蟹座男性の恋愛の積極性は、どこで爆発するのか
追いかけるより、安心させたほうが結果的に早い
たぶんここが核心。蟹座の彼を積極的にさせたいなら、押すんじゃなくてゆるめる。矛盾してるようで、これがいちばん効く。
彼のエンジンは、安心でかかるの。この人の前なら失敗しても責められない、急かされない。そう感じた瞬間、さっきまで貝みたいに閉じてた人が、びっくりするくらい能動的になる。ぬくぬくの巣を見つけた蟹は、そこに引きこもるんじゃなくて、そこを拠点にやっと外へ手を伸ばし始めるんだよね。

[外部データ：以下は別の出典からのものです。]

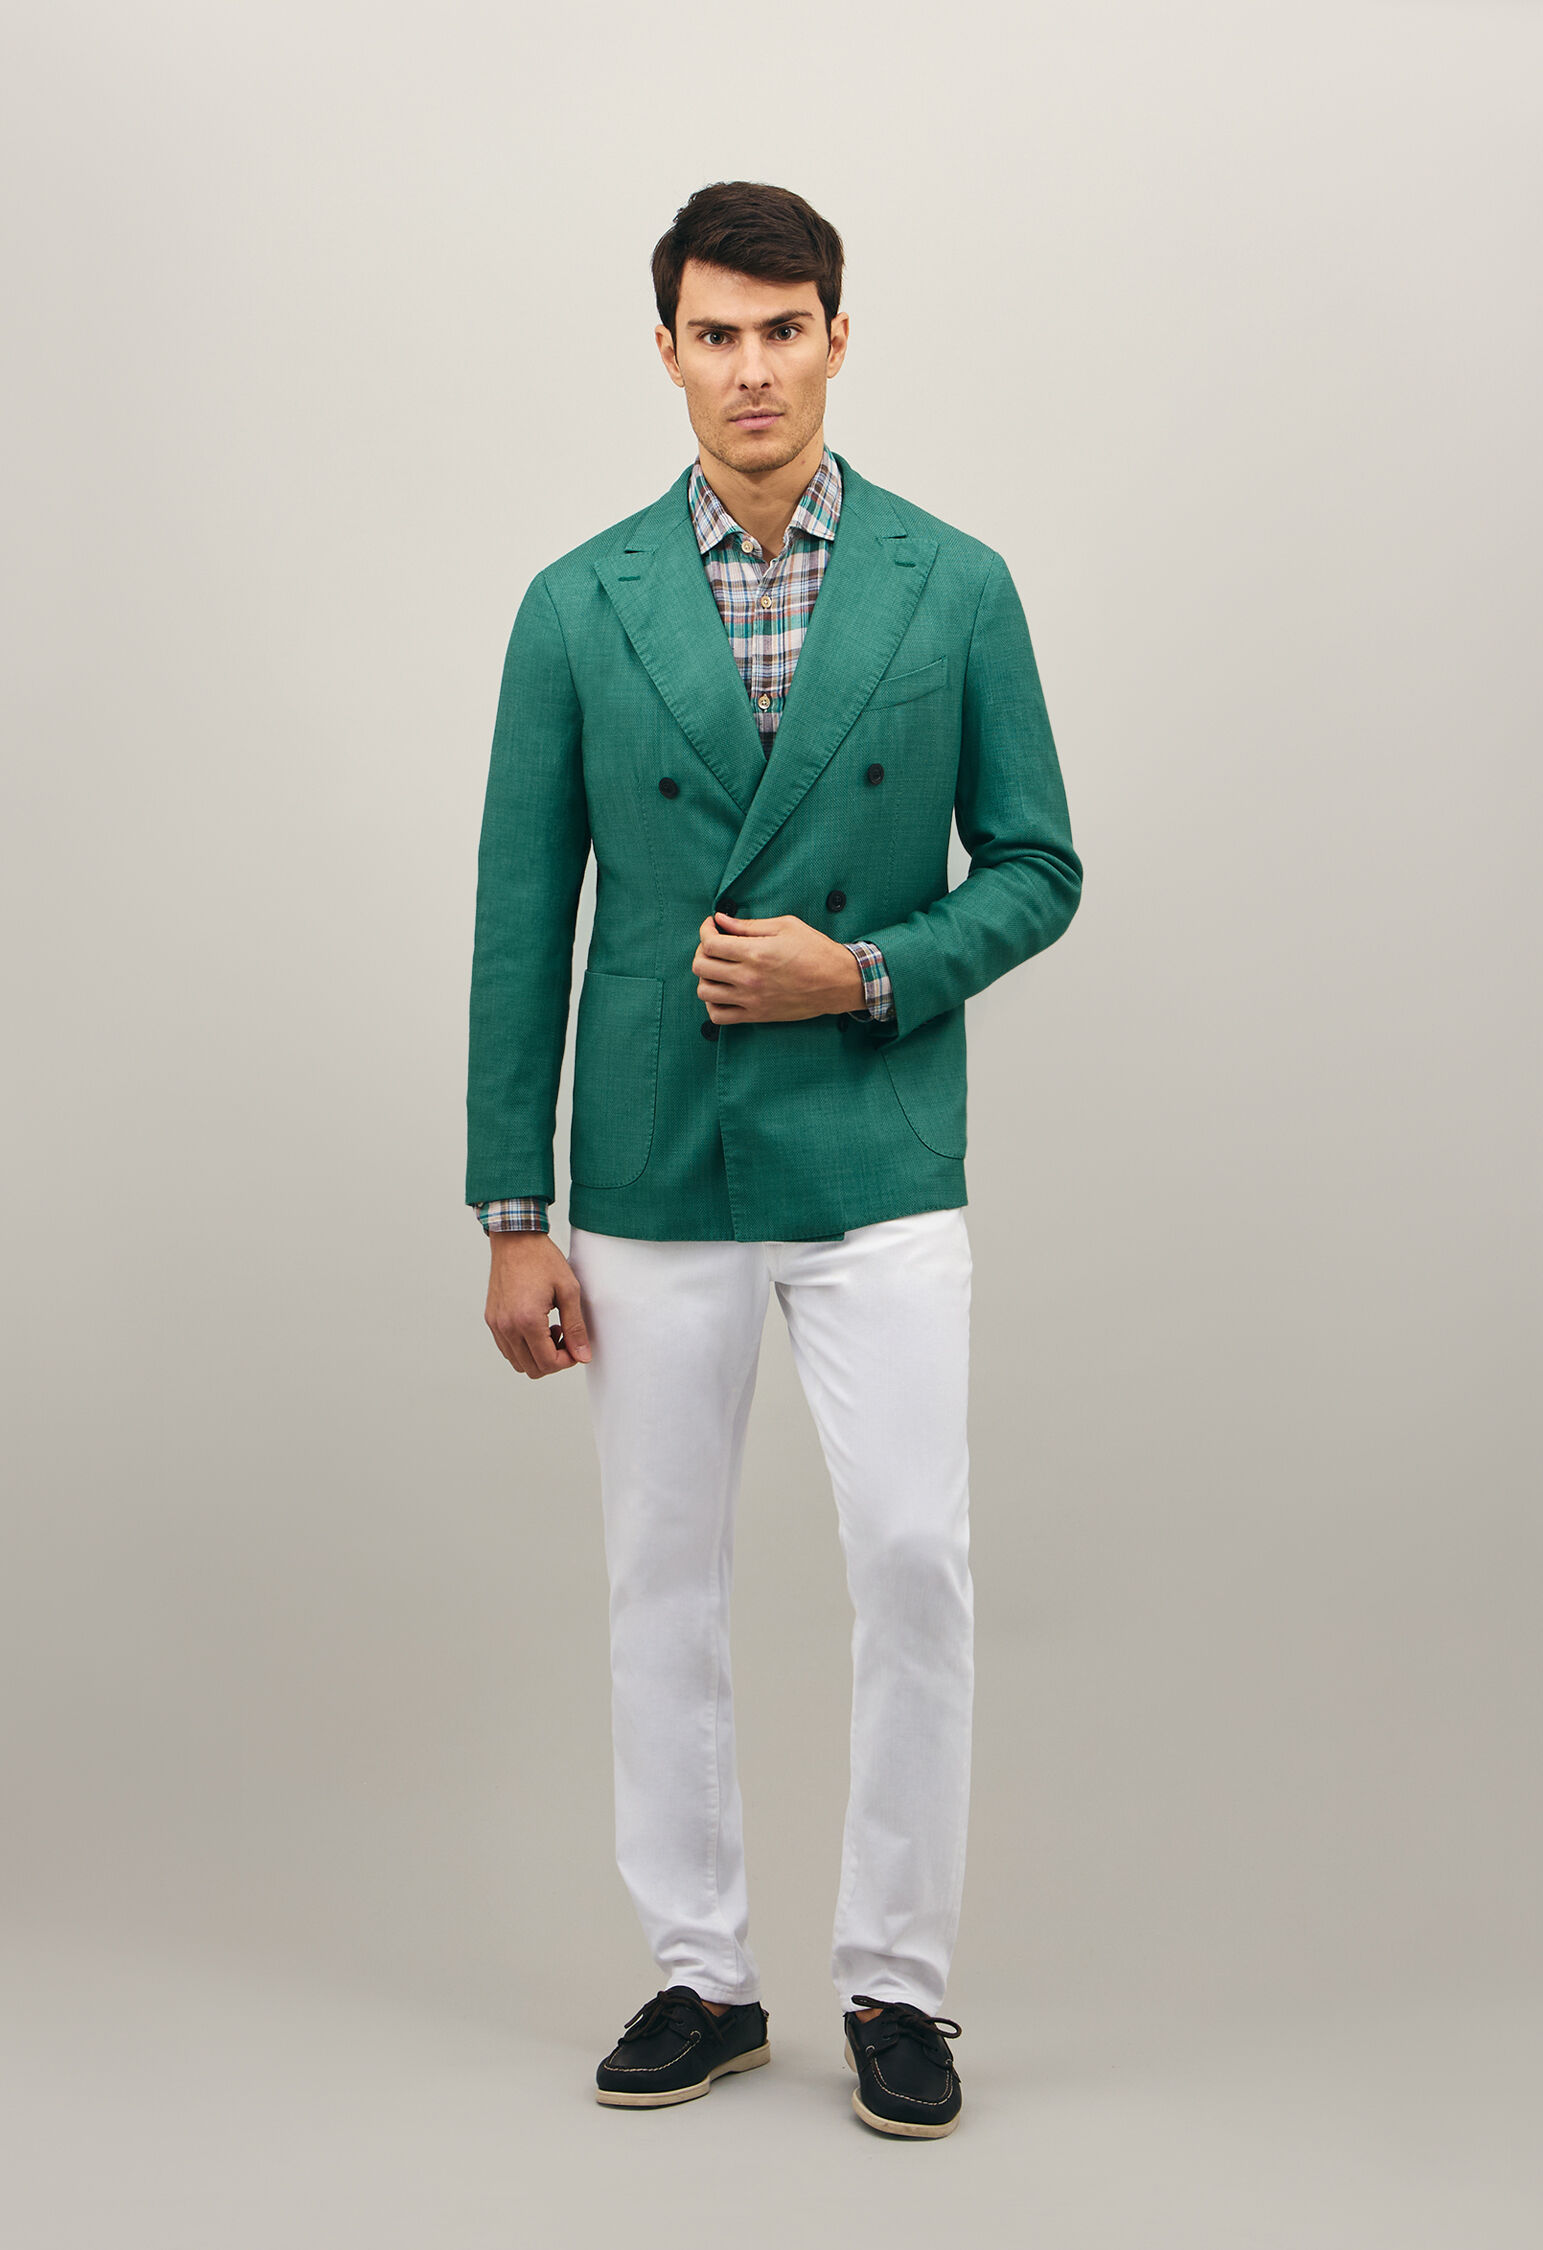 K-Jacket Men's - Smart Casual Jackets | Boglioli®
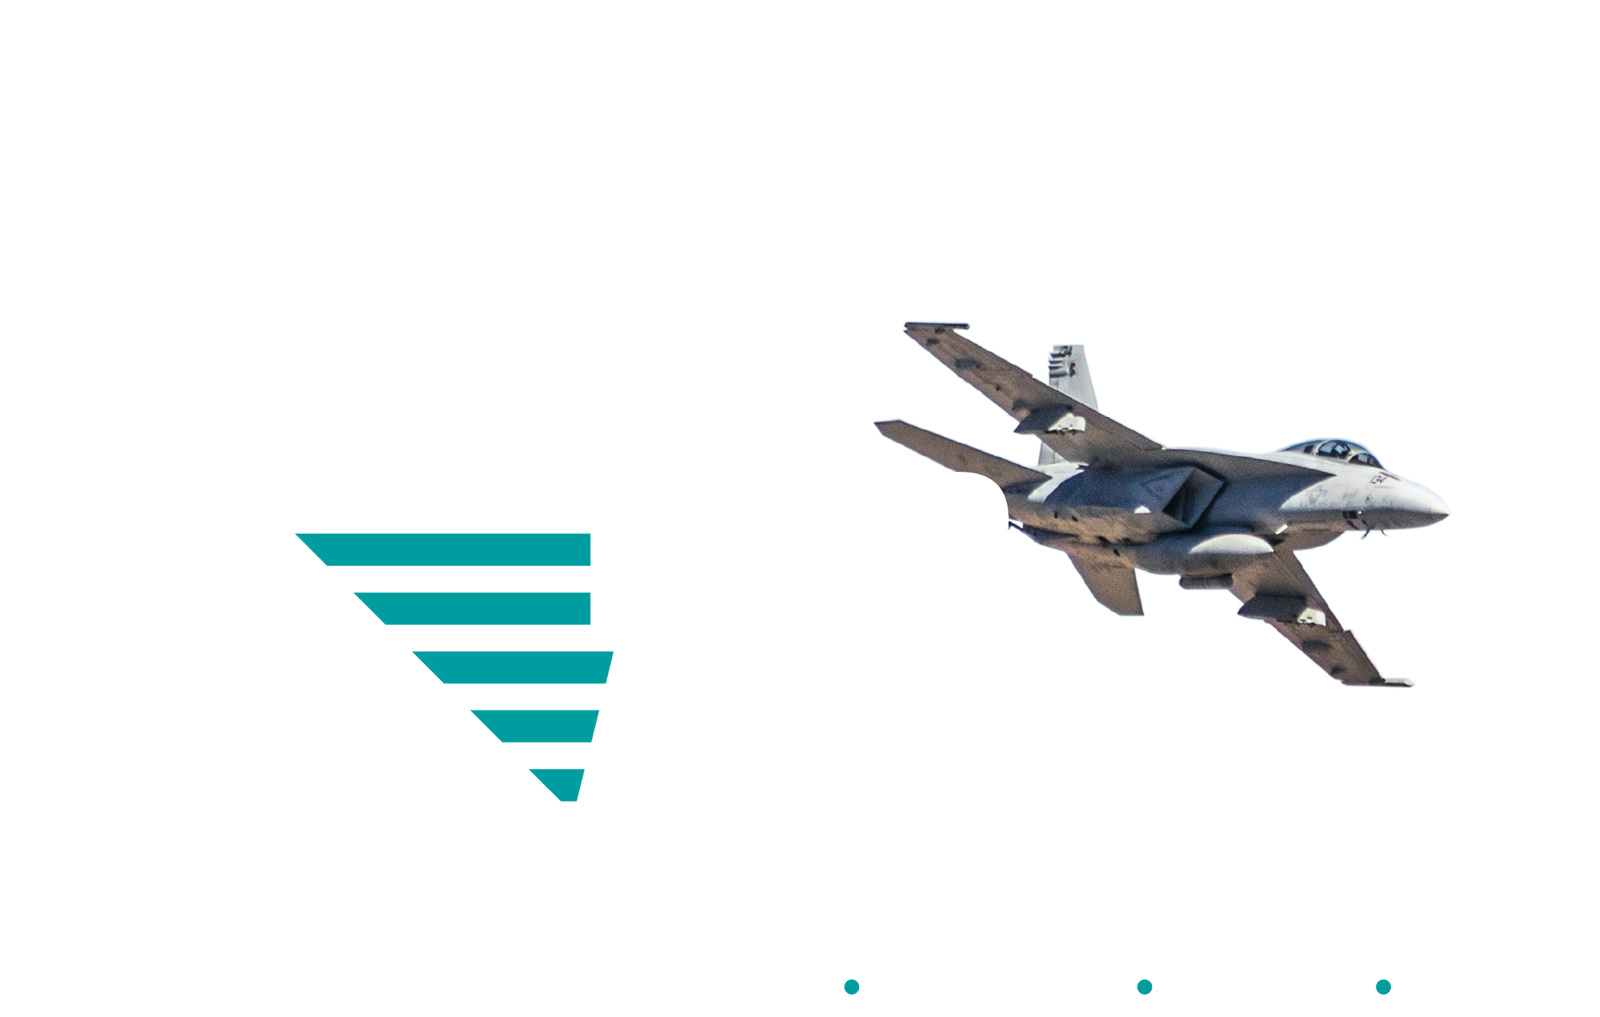 Epyc Adventure

だから、連絡が少ないのをネチネチ責めるのは、いちばんやっちゃダメなやつ。なんで連絡くれないの、は、彼の安全装置をガチャンと締めにいくスイッチ。責めた瞬間、余計に動かなくなる。あぁ、これ昔の私だ…(泣)。
私がやって効いた、ゆる放牧作戦
で、実際どうしたか。連絡のペースを、彼に合わせにいったの。向こうが三日に一通なら、こっちも似たテンポにして、来たら普通に嬉しく返す。来ない日は、自分の生活をちゃんと楽しむ。追いかけない、でも冷たくもしない。このゆる放牧が、蟹座にはやたら効いた。
面白いことに、追うのをやめた途端、彼のほうからぽつぽつ連絡が増えてきたの。安心したんだと思う。この人は自分を縛らないって。しばらくして、初めて向こうからデートに誘われたとき、私、スマホ見てにやけちゃってさ。(やっと動いた…!)ってテンション爆上がりした夜のこと、今でも覚えてる。
急かさないのと、放置は違う。会ったときに全力で楽しくして、笑顔で帰す。文字の外側をぶ厚くしていくイメージ。蟹座男子は、リアルの温もりが積み上がると、面白いくらい前のめりになってくる生き物だから。
それでも連絡が欲しい夜の、心の置きどころ
理屈で分かってても、寂しい夜はやっぱり寂しいよね。返事の来ないスマホをぼーっと眺める時間、あれはあれでしんどい。うん、分かる。
でも、ひとつだけ持っていってほしい。蟹座の彼の愛情は、文字数に反比例して分かりにくくなってるだけで、薄いわけじゃ全然ない。連絡が少ない彼を、そのペースごと面白がれる人のところに、あの人たちはいちばん深く懐く。無理に変えにいかなくて、いいの。
彼の短い返信の裏側で、ちゃんと巣を編んでる音がしてる。それに気づけたなら、もう半分くらい、あなたの勝ちみたいなものだと思うな。